• **Data provided**

= Beginning of Section =

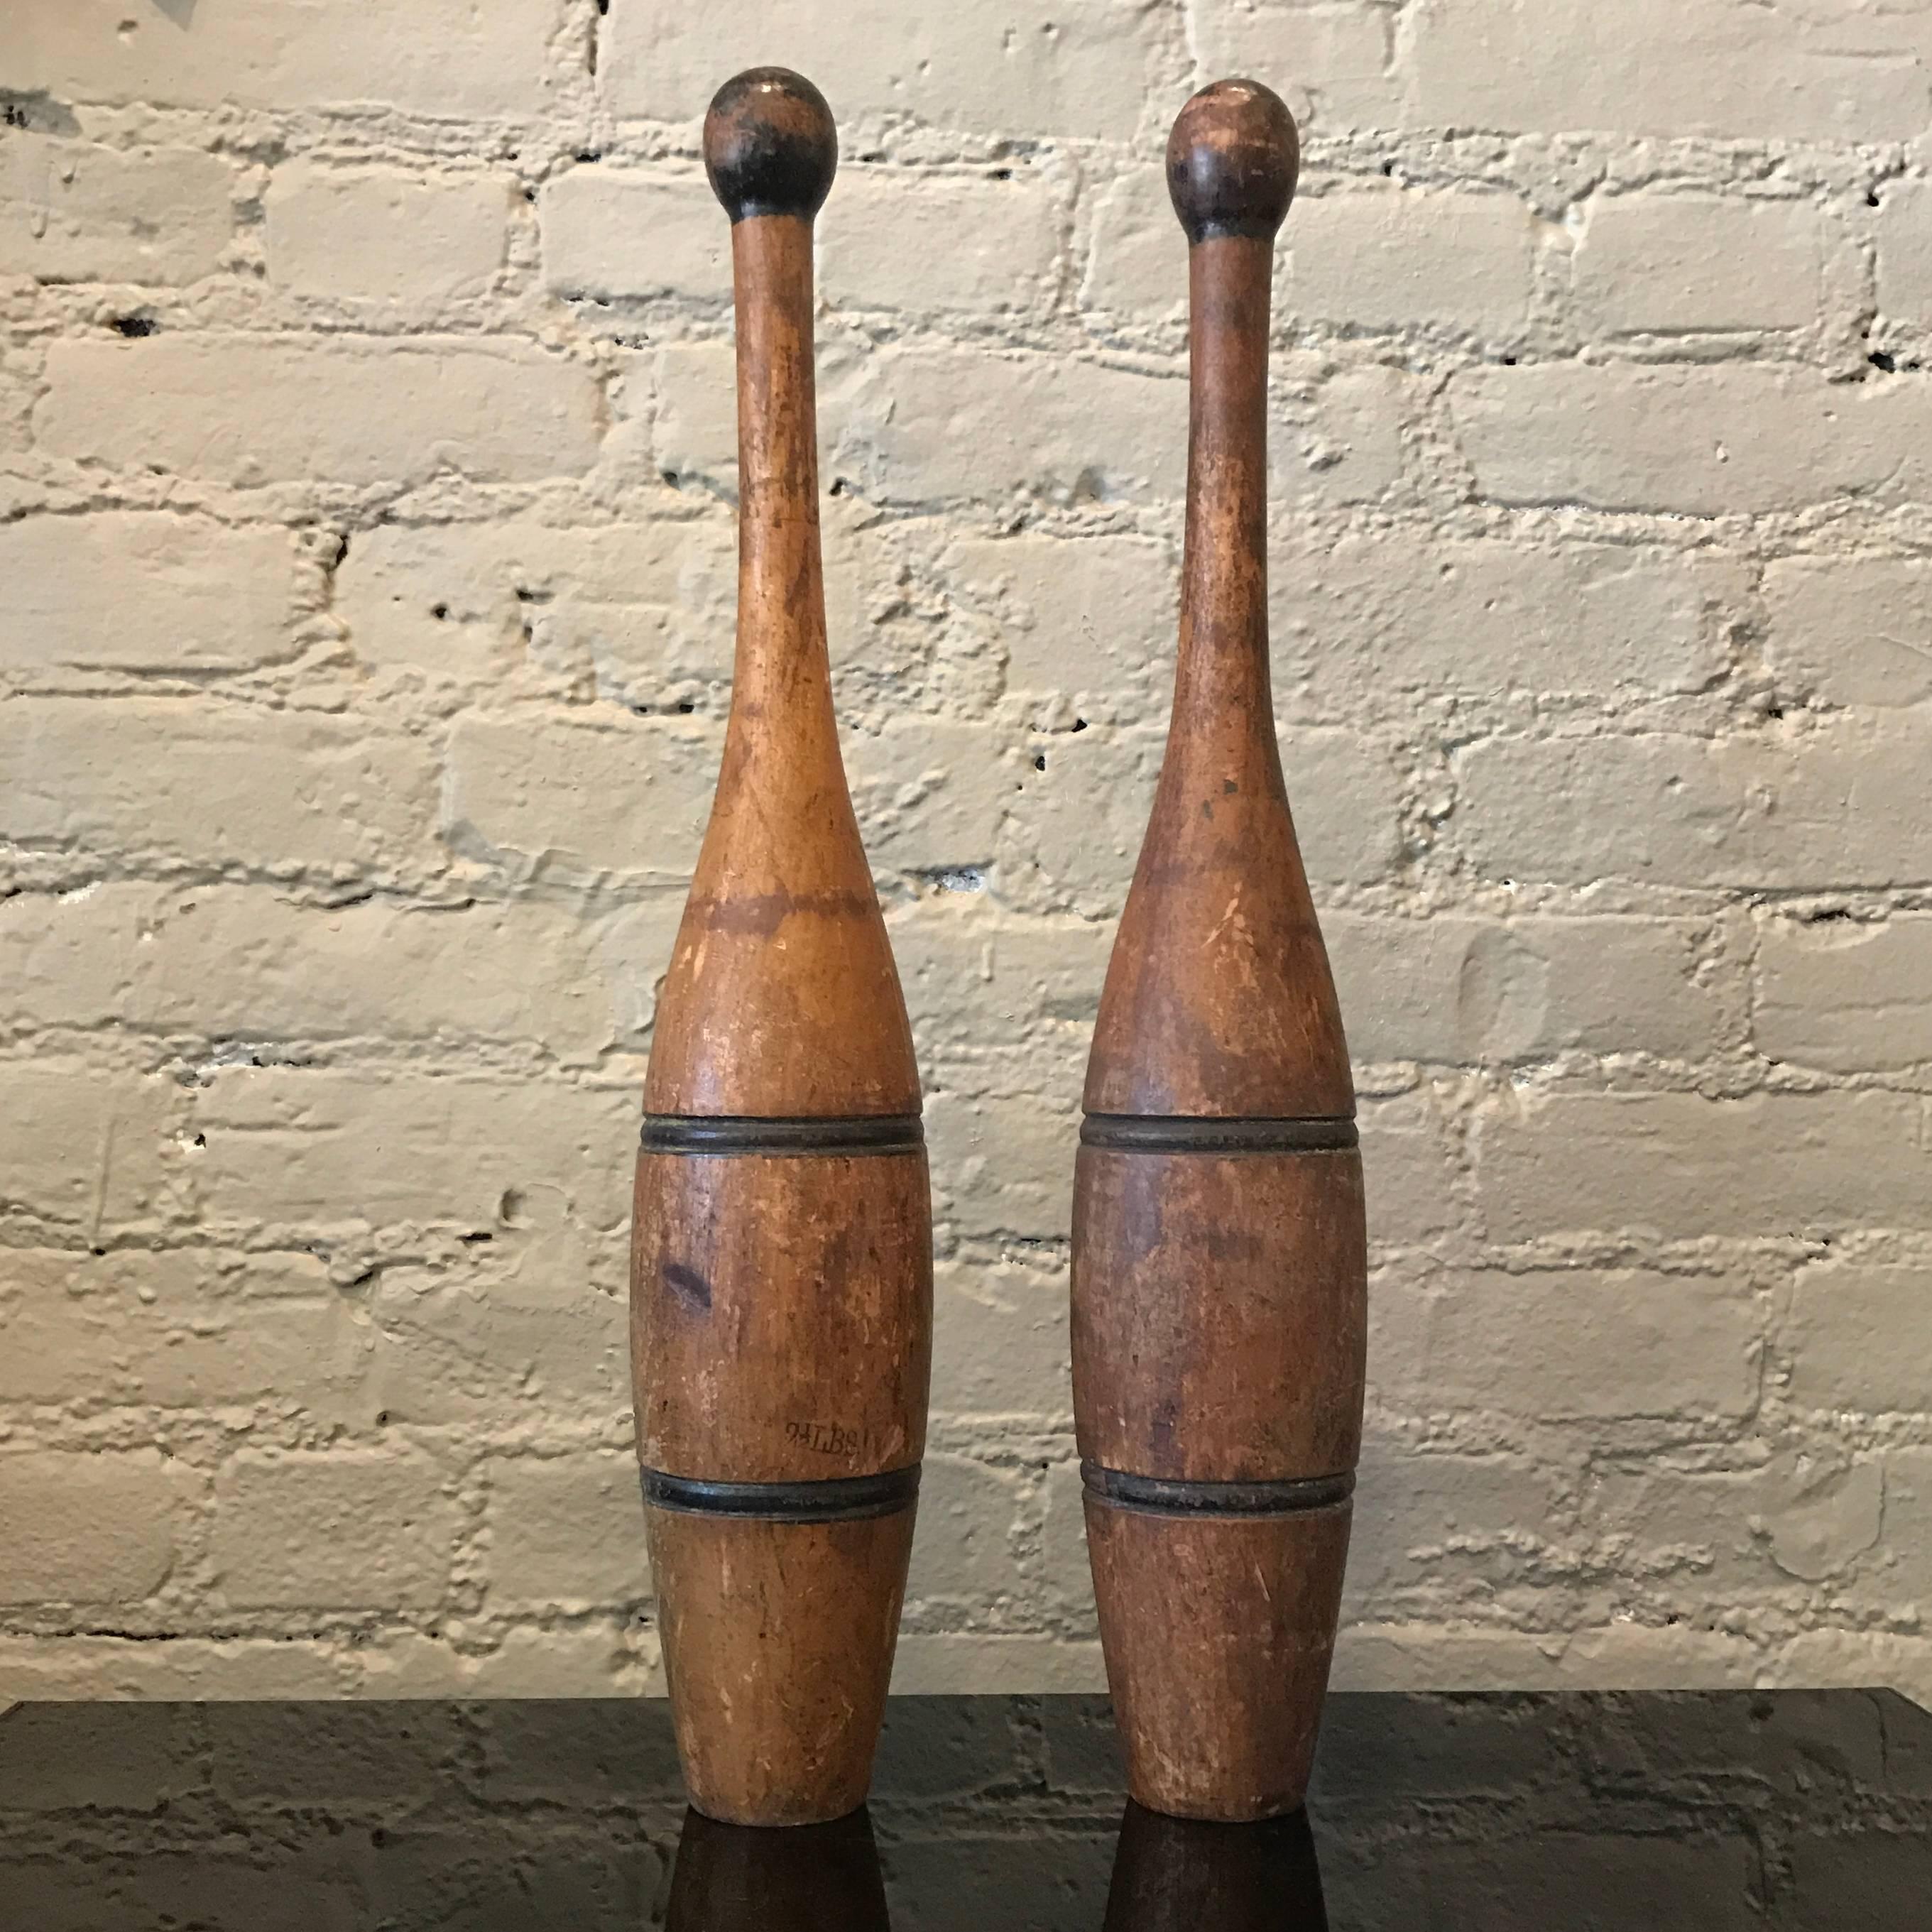 Pair of early 20th century, turned maple wood, striped, juggling pins or “Indian club” feature beautiful, well worn patina.
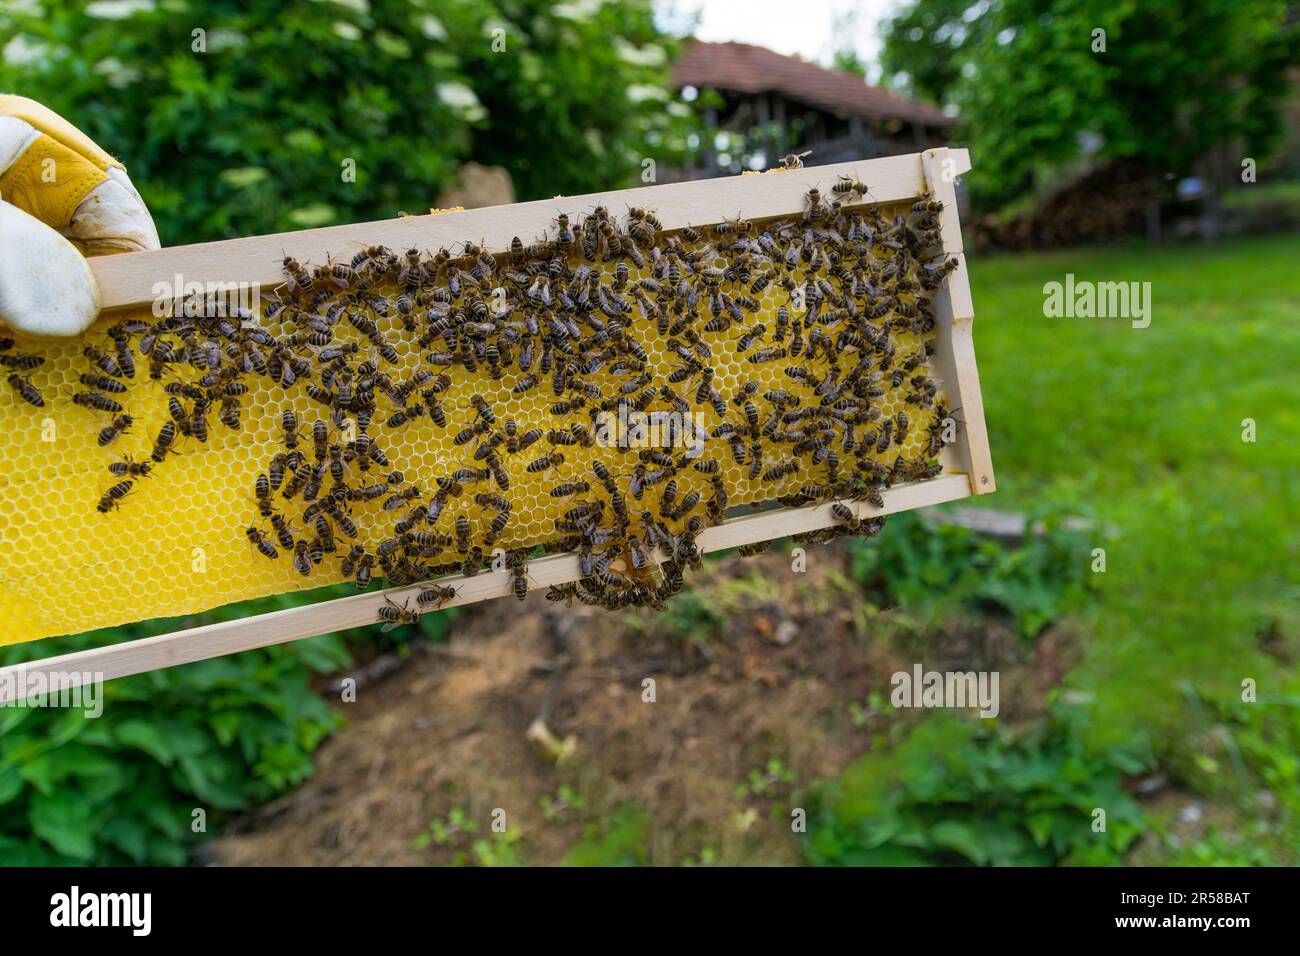 Newly built honeycomb on a frame being filled with honey by young bees. Close-up of the frame in the beekeeper's hand outdoors at the apiary Stock Photo
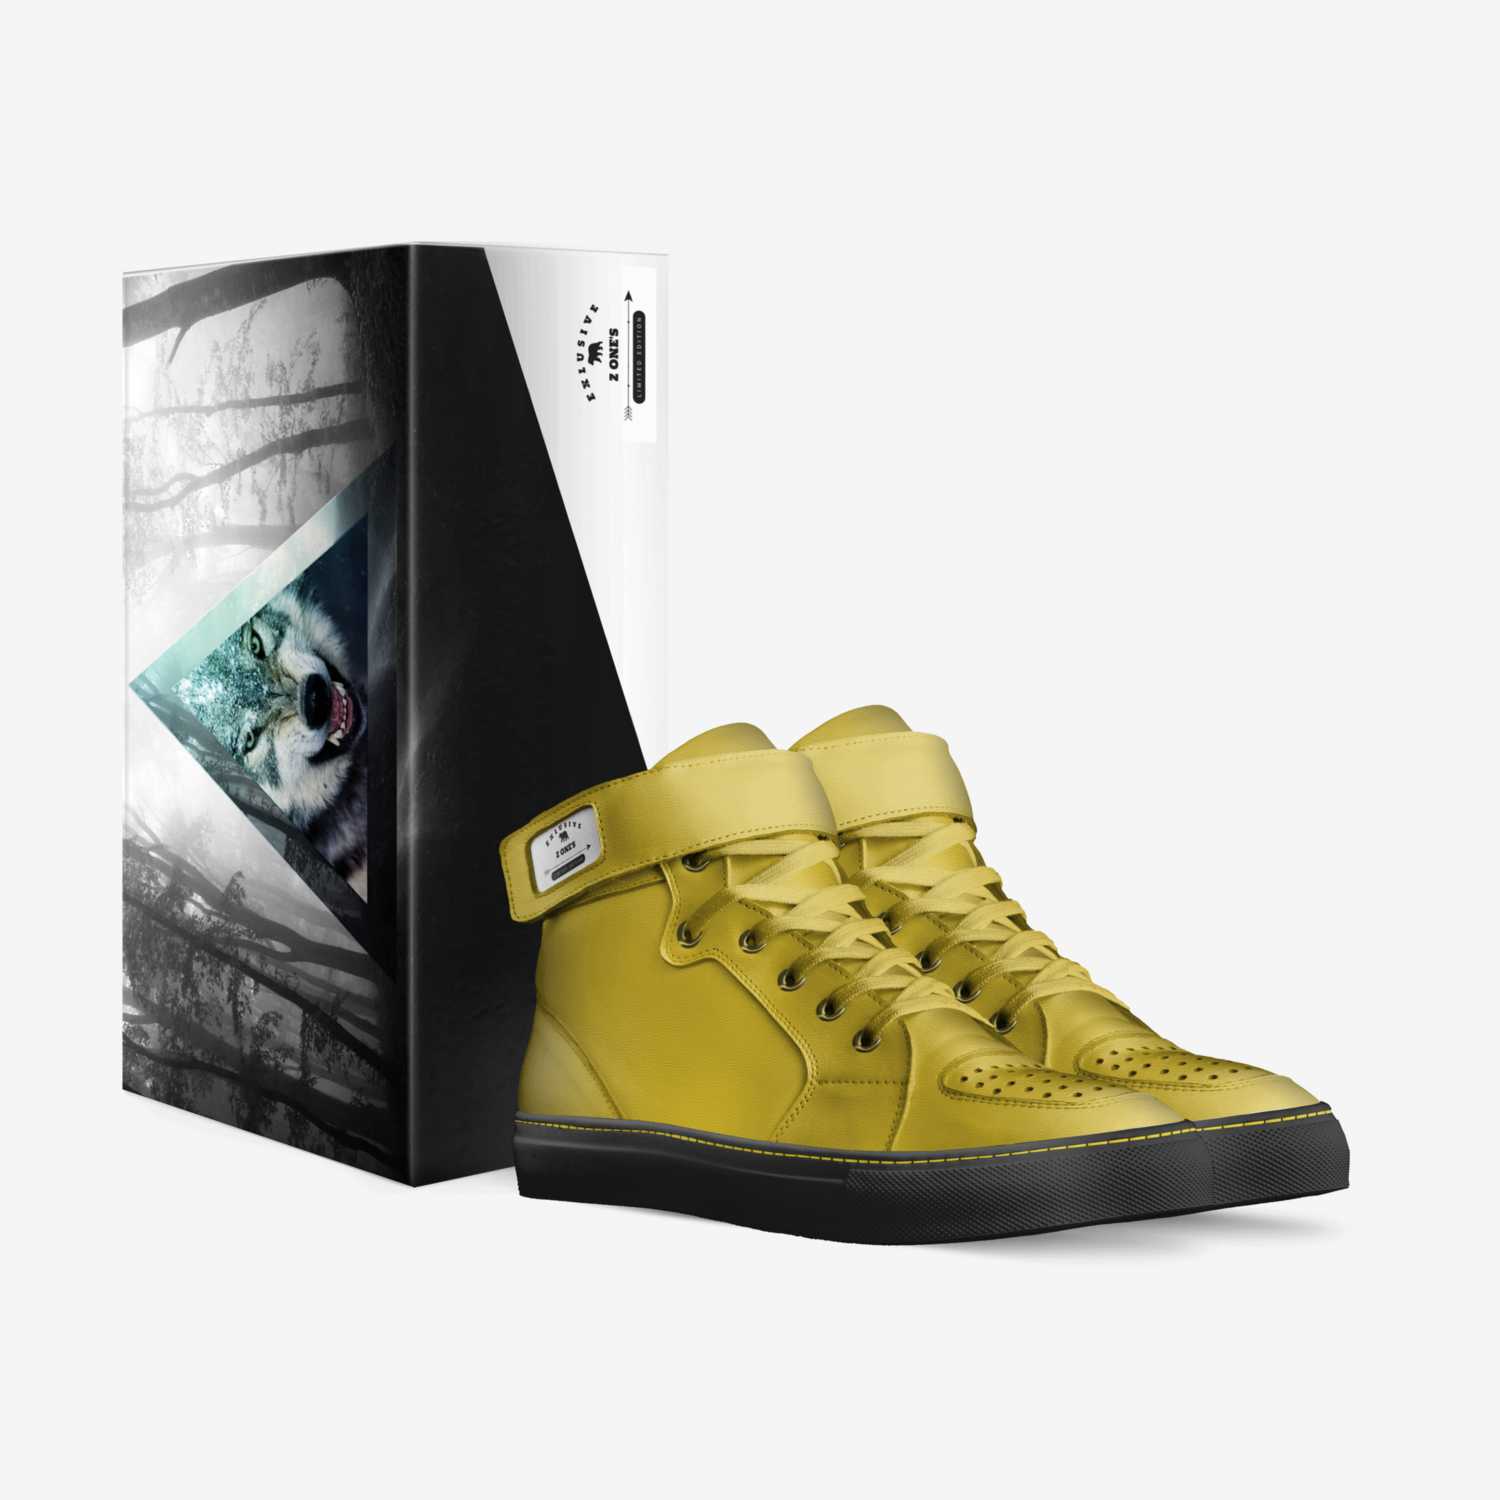 z one's custom made in Italy shoes by Zach Young | Box view

= End of Section =

• **Task item**
Retype the listing exactly. Leave out its pictures.

• **Completed task**
 Pair of early 20th century, turned maple wood, striped, juggling pins or “Indian club” feature beautiful, well worn patina.
 Newly built honeycomb on a frame being filled with honey by young bees. Close-up of the frame in the beekeeper's hand outdoors at the apiary Stock Photo
 z one's custom made in Italy shoes by Zach Young | Box view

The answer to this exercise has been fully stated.